# Cauldron Creep



## Devils Chariot (May 23, 2007)

After much consternation, fiddling, and changing my mind for 4 months I finished my first cauldron prop. I like ScareFx's witch, but http://flickr.com/photos/kreggg/sets/72157608623037878/ don't have European witches, and I wanted my cannibals to be a tribe of undead, so I made a skeleton instead.

Here is what I started out with in my head, sketching at work last year on lunch break:










and here is how he turned out:




























and a video:






Thanks for looking.

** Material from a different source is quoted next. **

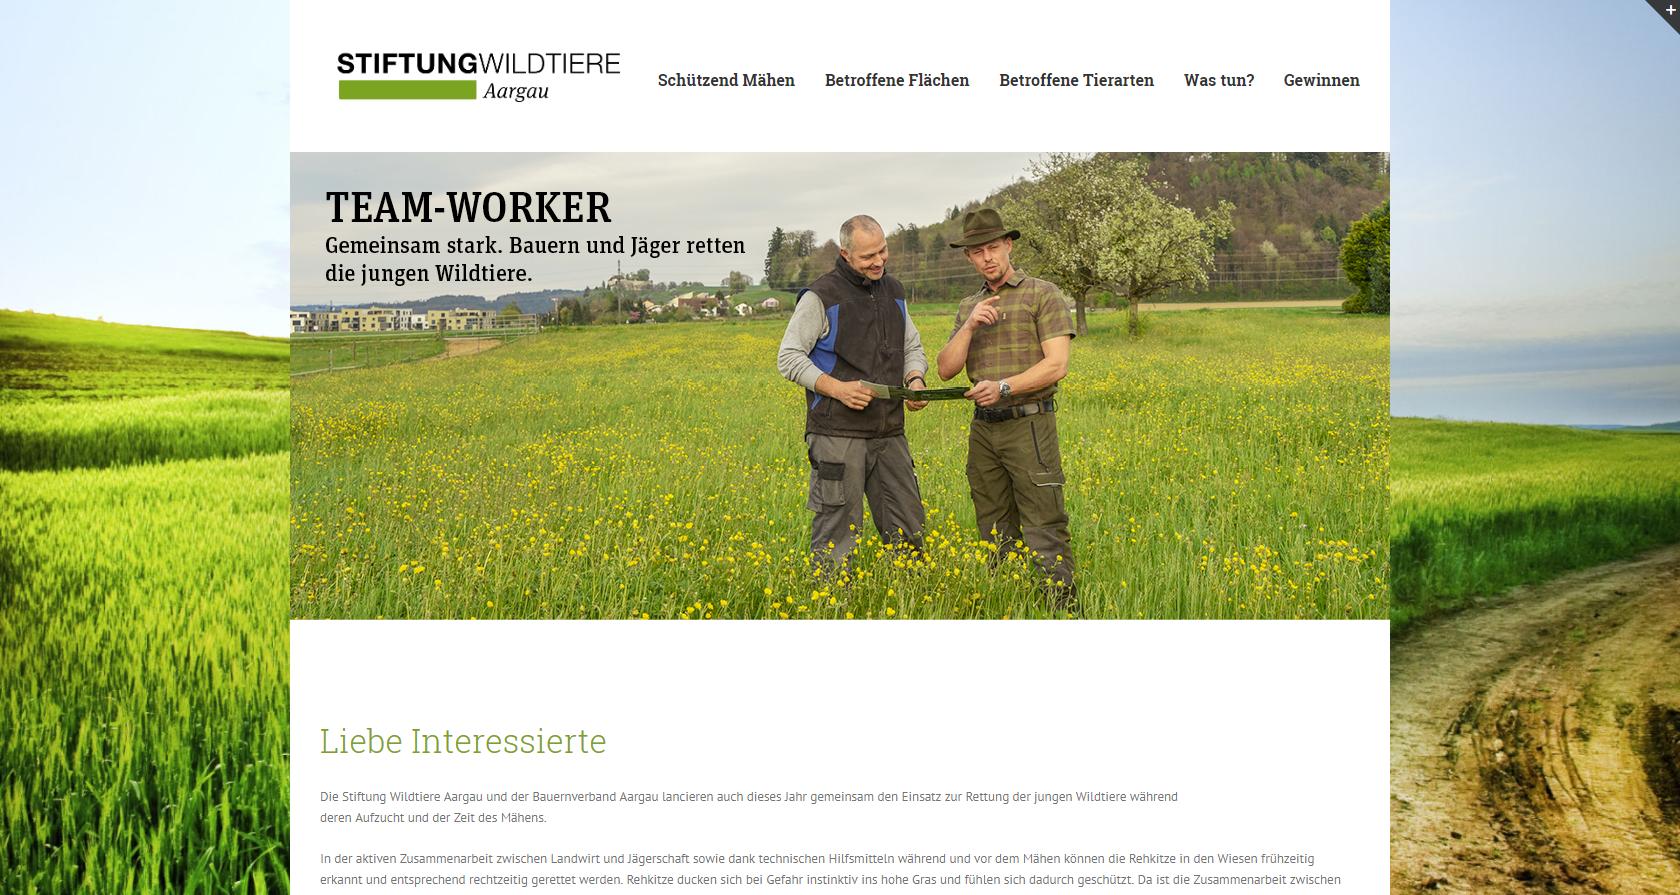 2017 Stiftungwildtiere.ch - Wordpress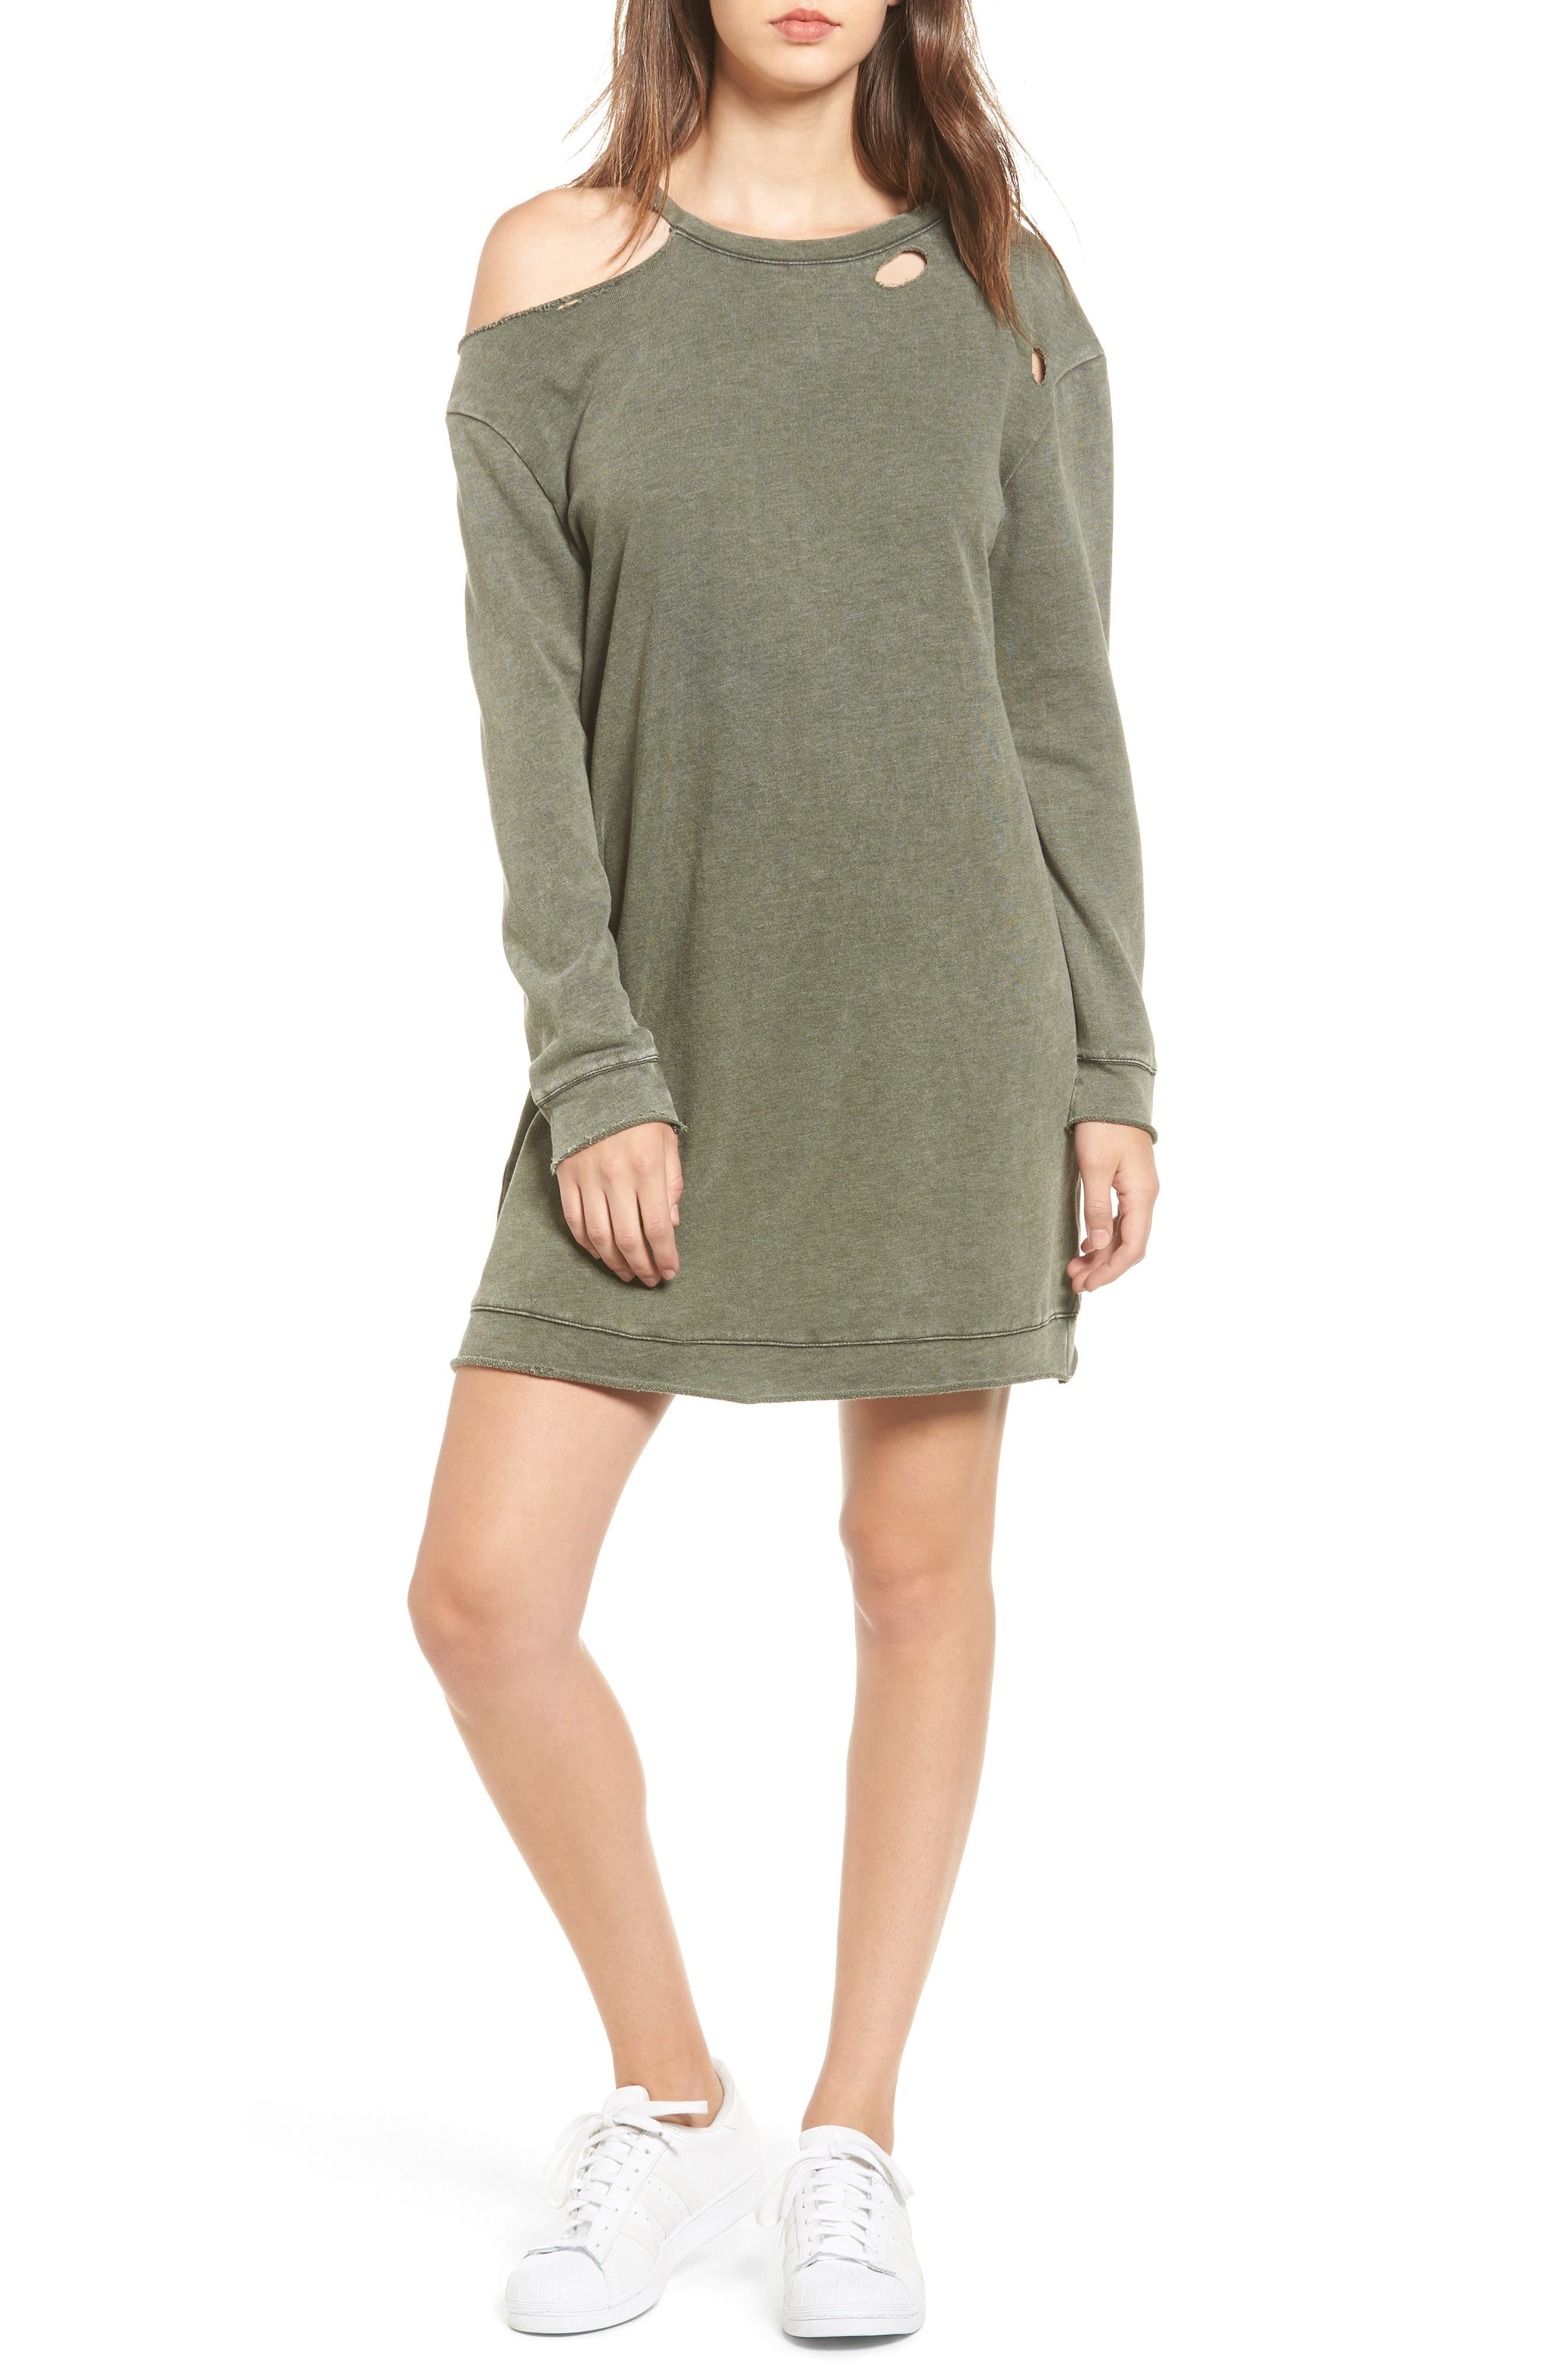 Ripped Sweatshirt Dress,                             Main thumbnail 1, color,                             309

If you want to learn how he was made, you can read about him in my general prop discussion thread here.


----------



## SoCal Scare (Aug 3, 2007)

*That thing is great*. Good work


----------



## Lilly (Jun 13, 2006)

I really like this ..
that first pic is cool


----------



## slightlymad (May 25, 2006)

I love it


----------



## Hauntiholik (May 17, 2006)

He's just awesome!


----------



## DeadSpider (Feb 3, 2006)

So cool. I love it. 

.. hmm that's been said already hasn't it?
I havent had enuff coffee yet to think of anything original to say, but I really really like your work.


----------



## RoxyBlue (Oct 6, 2008)

Can I adopt him?


----------



## Bloodhound (Oct 16, 2007)

Your tiki witch turned out awesome.


----------



## Scary Godmother (Oct 13, 2007)

That is so awesome, great name for it also!:jol:


----------



## Ghostess (Aug 21, 2005)

That first picture is freakin' awesome.... he's a great prop!


----------



## consultlkr (Sep 9, 2008)

He's absolutely crazy! Are you going to post any additional instructions in the general prop thread? 

Where did you learn to draw like that?????


----------